I have no prod with there actiontec t1200 router,why fix something that's not broken,why do you want your own router??Is there a better router,I use mine for 2.4ghz WiFi for my kids tablets and I went out today to test how far it would extend and I got 10mbps 28 yard away from my house..and in my house I average 45mbps and on my WiFi extender( that is 5ghz) I get in between 80 and 90mbps..More then enough for any house..I think telus rocks and I will never go back to shaw even if they gave me 6 months free..
He wants to use an insane $300 router. He's posted about it a few times in the past and it is so horrendously overpowered for any home connection. Most people don't even have the hardware on their devices to take full advantage of that class of router's abilities / power.
@cafekief Telus won't provide technical support or help with your personal, third party, networking hardware. They can't stop you from using your own router. If you can't configure your gateway as the previous instructions have said, you may run into issues, especially if your expensive router can't handle or figure out what to do with multicast traffic and then causes issues with your TVs.

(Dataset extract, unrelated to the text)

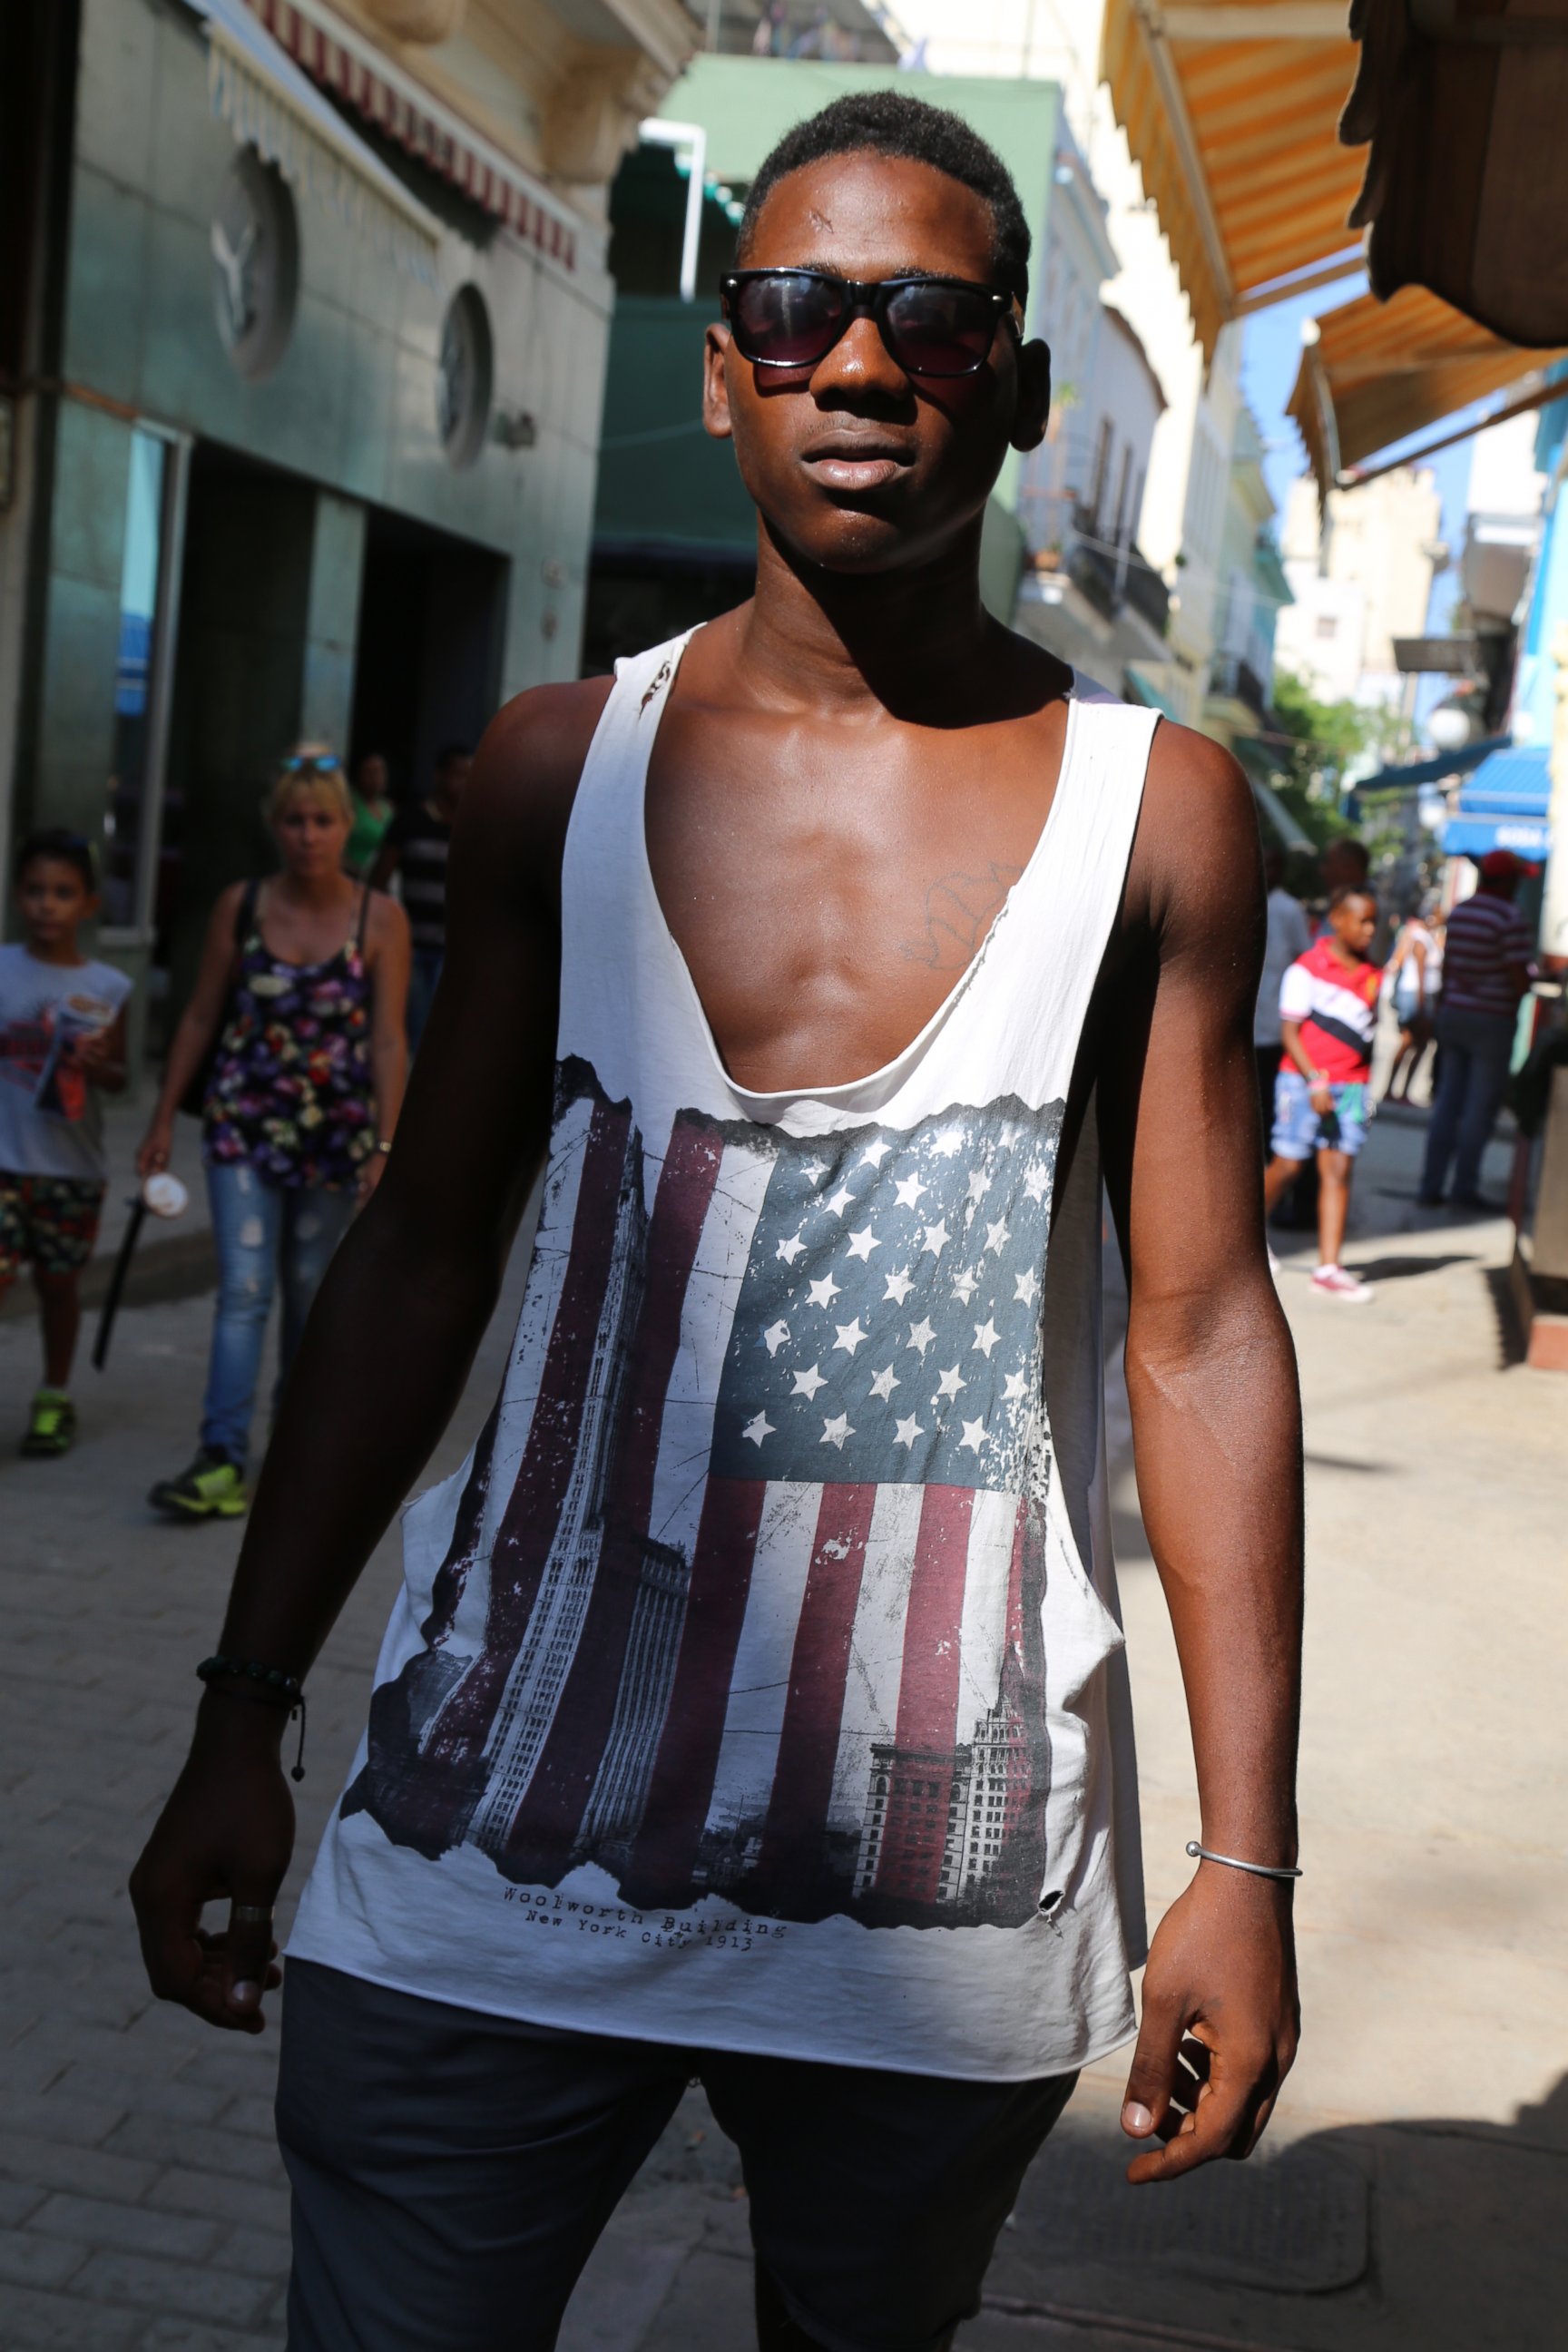 PHOTO: 21-year-old Alexis Vidal Sobori stands on a street in Cuba wearing his American flag sleeveless shirt on August 12, 2015.

This is a frequent topic that has been posted. A simple search would have given you the answers. Have you ever logged in to your Actiontec before and looked at the settings? There is one specific one for bridging port 1. (Advanced Settings > Port Bridging) Just make sure the only thing on port 1 is your overpowered router because once it's bridged, port 1 cannot access the Actiontec settings at all. Have whatever PC you are using to change the settings on a different port or wirelessly connected to the Actiontec itself. Once bridged anything on your router should be isolated from the rest of the ports on the Actiontec.
If you can't get that to work, contact Linksys support (since you said your router is theirs) and have them help you block multicast on your router itself. That should stop it from effecting the TVs that are connected to the Actiontec itself. Older Linksys devices had a setting to block multicast.
@Nighthawk, I'm curious why you would need to bridge (actually asking, not questioning your advice). I have an Apple Time Capsule that I used to use as my router, and connected by ethernet to the Telus modem. I switched WiFi off on the modem and was able to use the Time Capsule without issue...until the actual router burnt out, but that's another story. Are there certain routers that require it, or is it better for performance?
The Time capsule can be used as you describe without difficulty if you connect one of the three LAN ports to the Telus router, and manage some of the other settings. However, if you use it as a full router, it does Network Address Translation (managing the IP addresses on your network vs those on the internet) if you don't bridge the initial modem, it too does NAT, and things can become very confusing, and in many cases bring things to a screeching halt. Have a look for "double NAT" on the 'net to learn more than I could ever type.
@cafekief: What @Nighthawk suggested should work well. You need to bridge it. I have a similar setup with a Netgear Nighthawk 1900AC router and I have never had any problem. The best way to do it is to isolate the TVs from the rest of the network. Since you have a good router, you don't need the wireless in the actiontec--unless you have the wireless tv boxes.
When you bridge, for your home network it is as if the actiontec is just a DSL modem. Assign 220.127.116.11 to your router, and keep all the home network stuff in that subnet and all your tvs will be in the 192.168.1.x subnet and you don't have to worry about any multicast.